* _Work instruction_: Exact reproduction of the listing is required. Pictures are not reproduced.

* _Data block_:
--- START ---

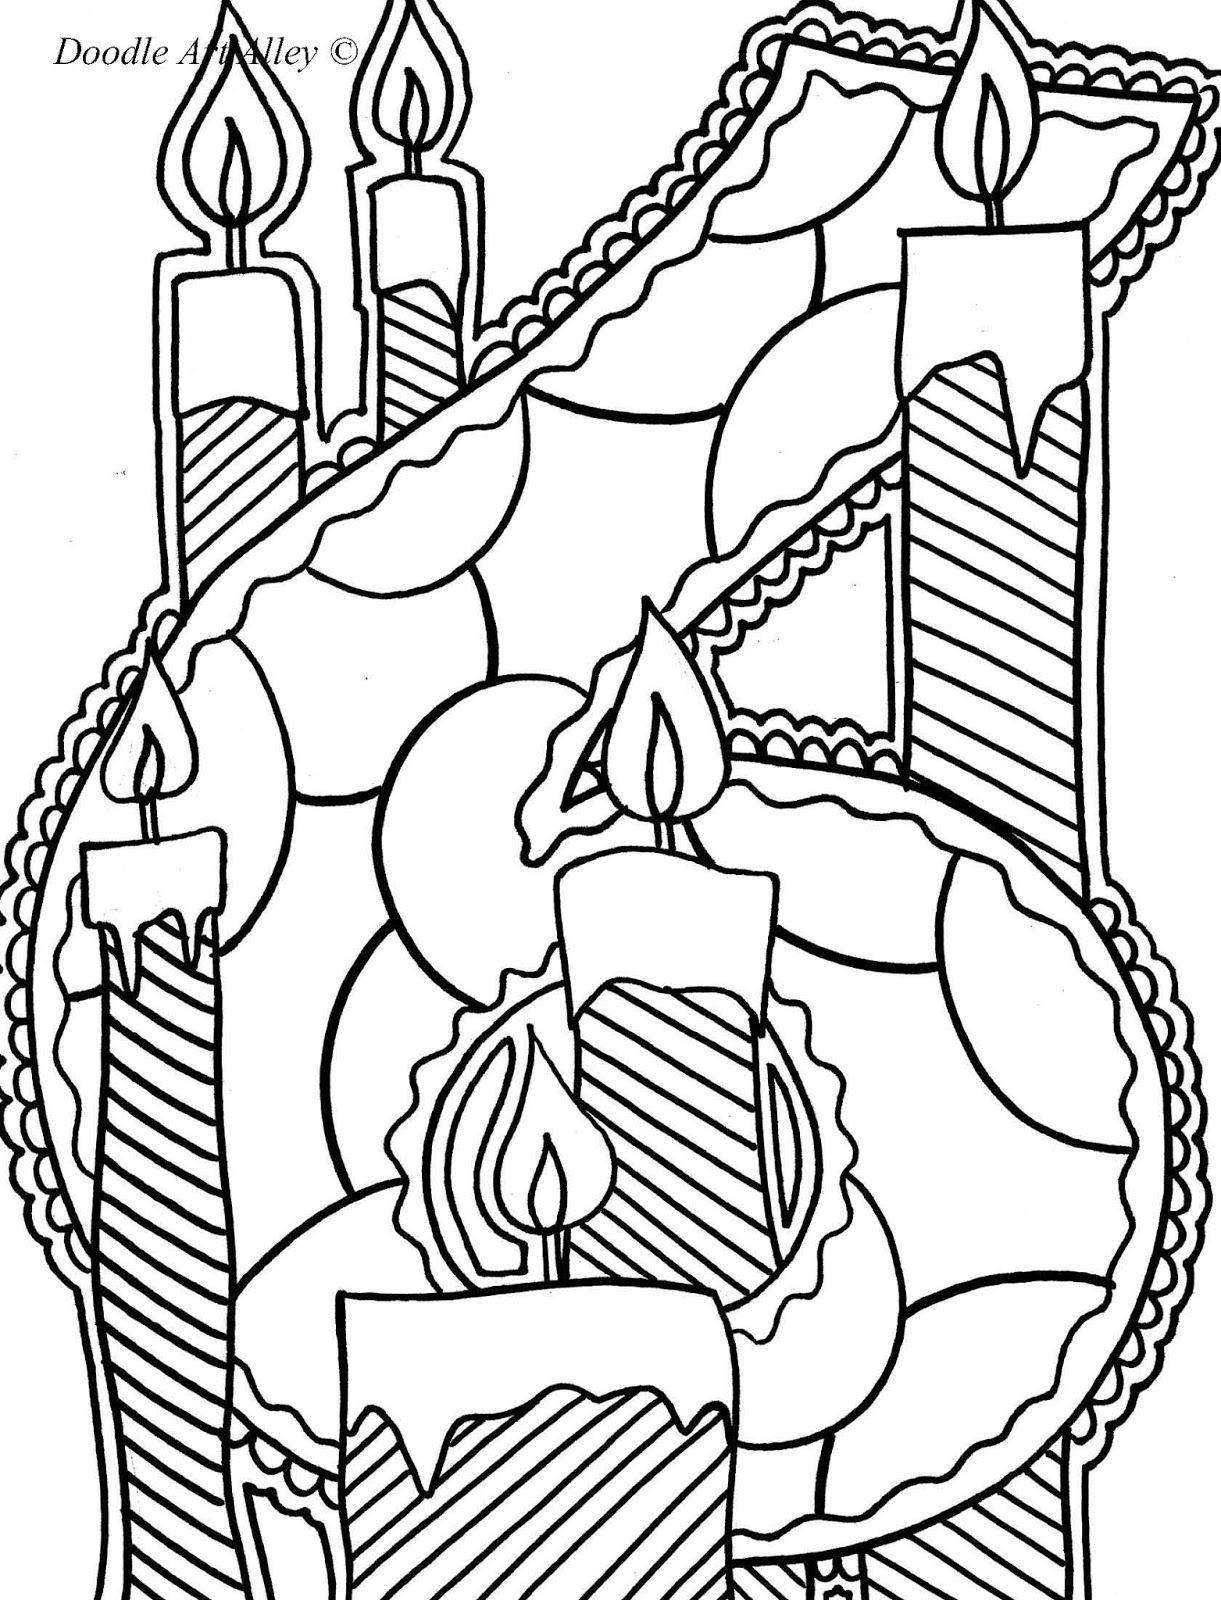 Http X2f X2f Www Doodle Art Alley Com X2f Sitesinden Alinti Boyama Sayfalari Sanat Dersleri Kartlar
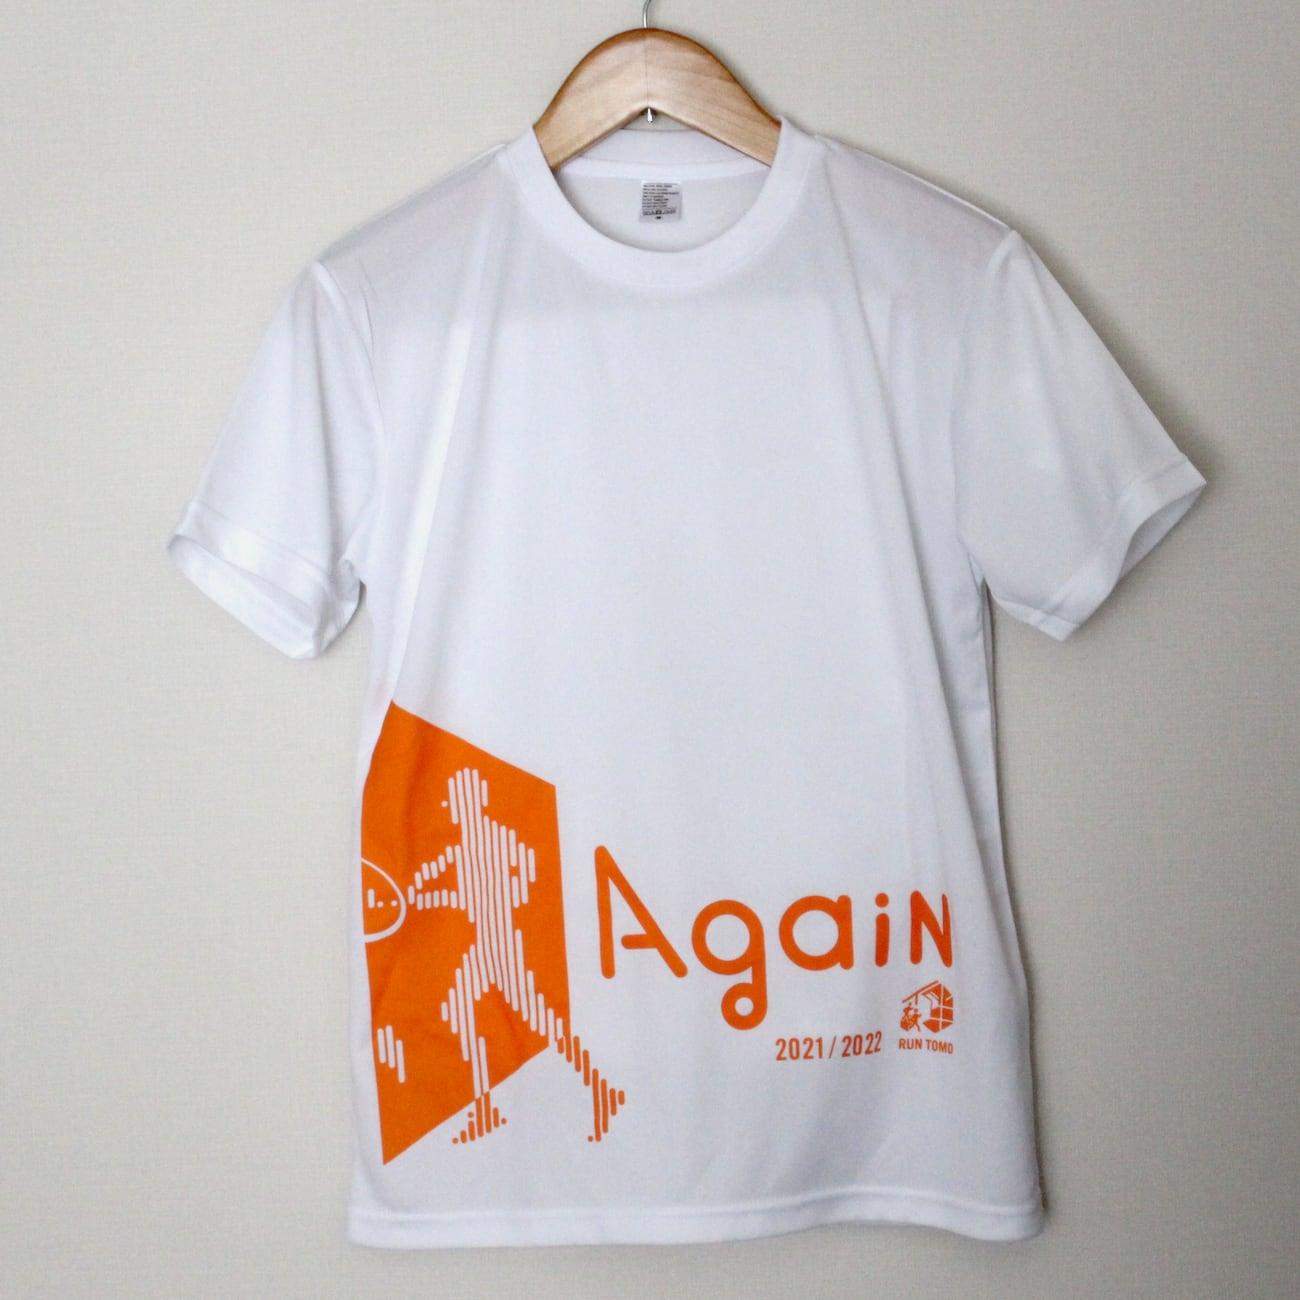 RUN伴2021/2022 公式Tシャツ(ホワイト/Again)
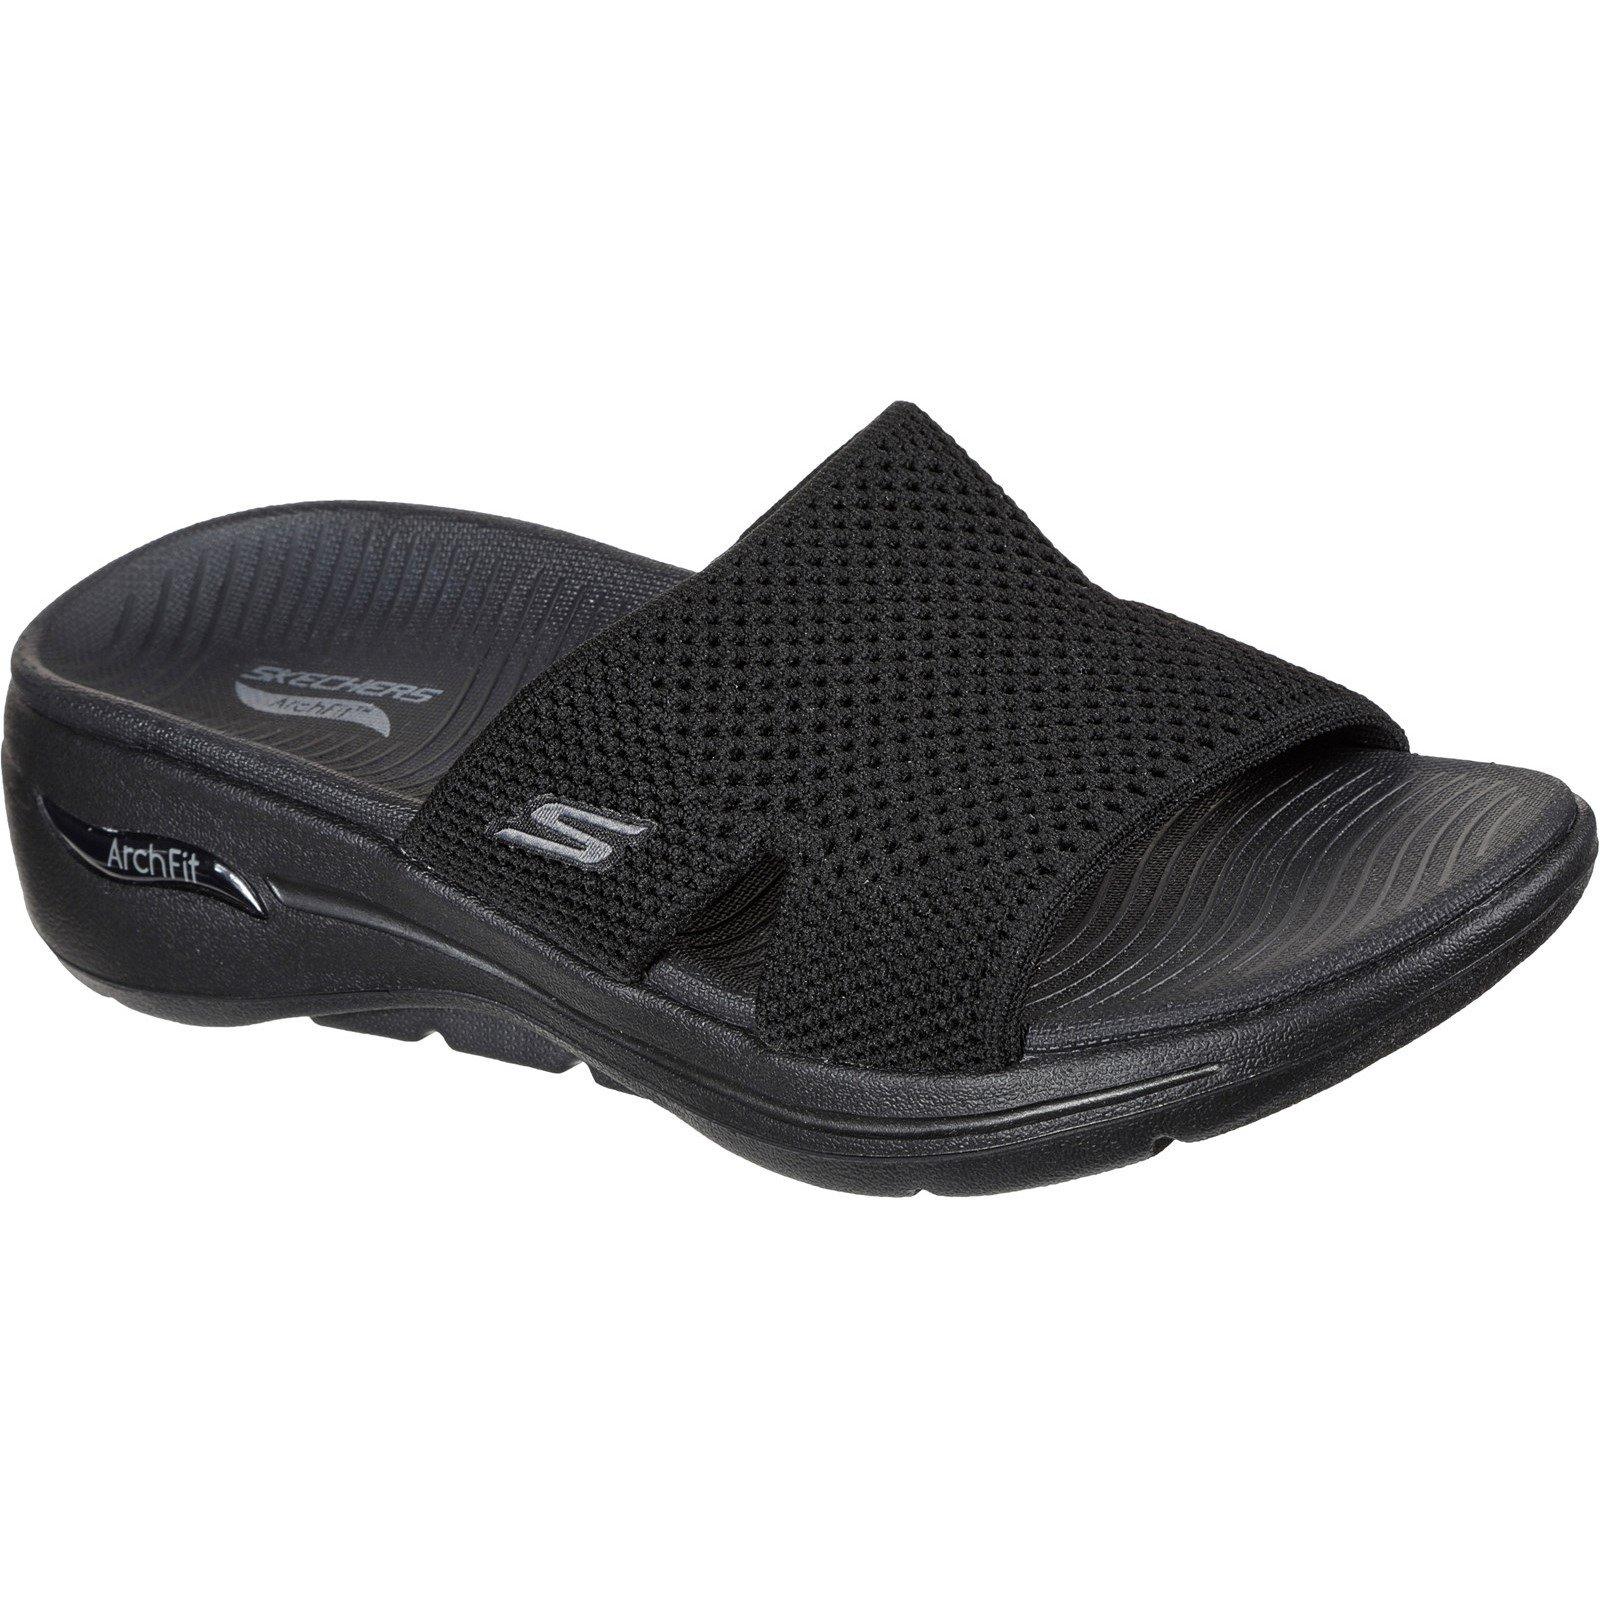 Skechers Women's Go Walk Arch Fit Worthy Summer Sandal Various Colours 32152 - Black 3

--- END ---

* _Output for this exercise_:
 Http X2f X2f Www Doodle Art Alley Com X2f Sitesinden Alinti Boyama Sayfalari Sanat Dersleri Kartlar
 RUN伴2021/2022 公式Tシャツ(ホワイト/Again)
 Skechers Women's Go Walk Arch Fit Worthy Summer Sandal Various Colours 32152 - Black 3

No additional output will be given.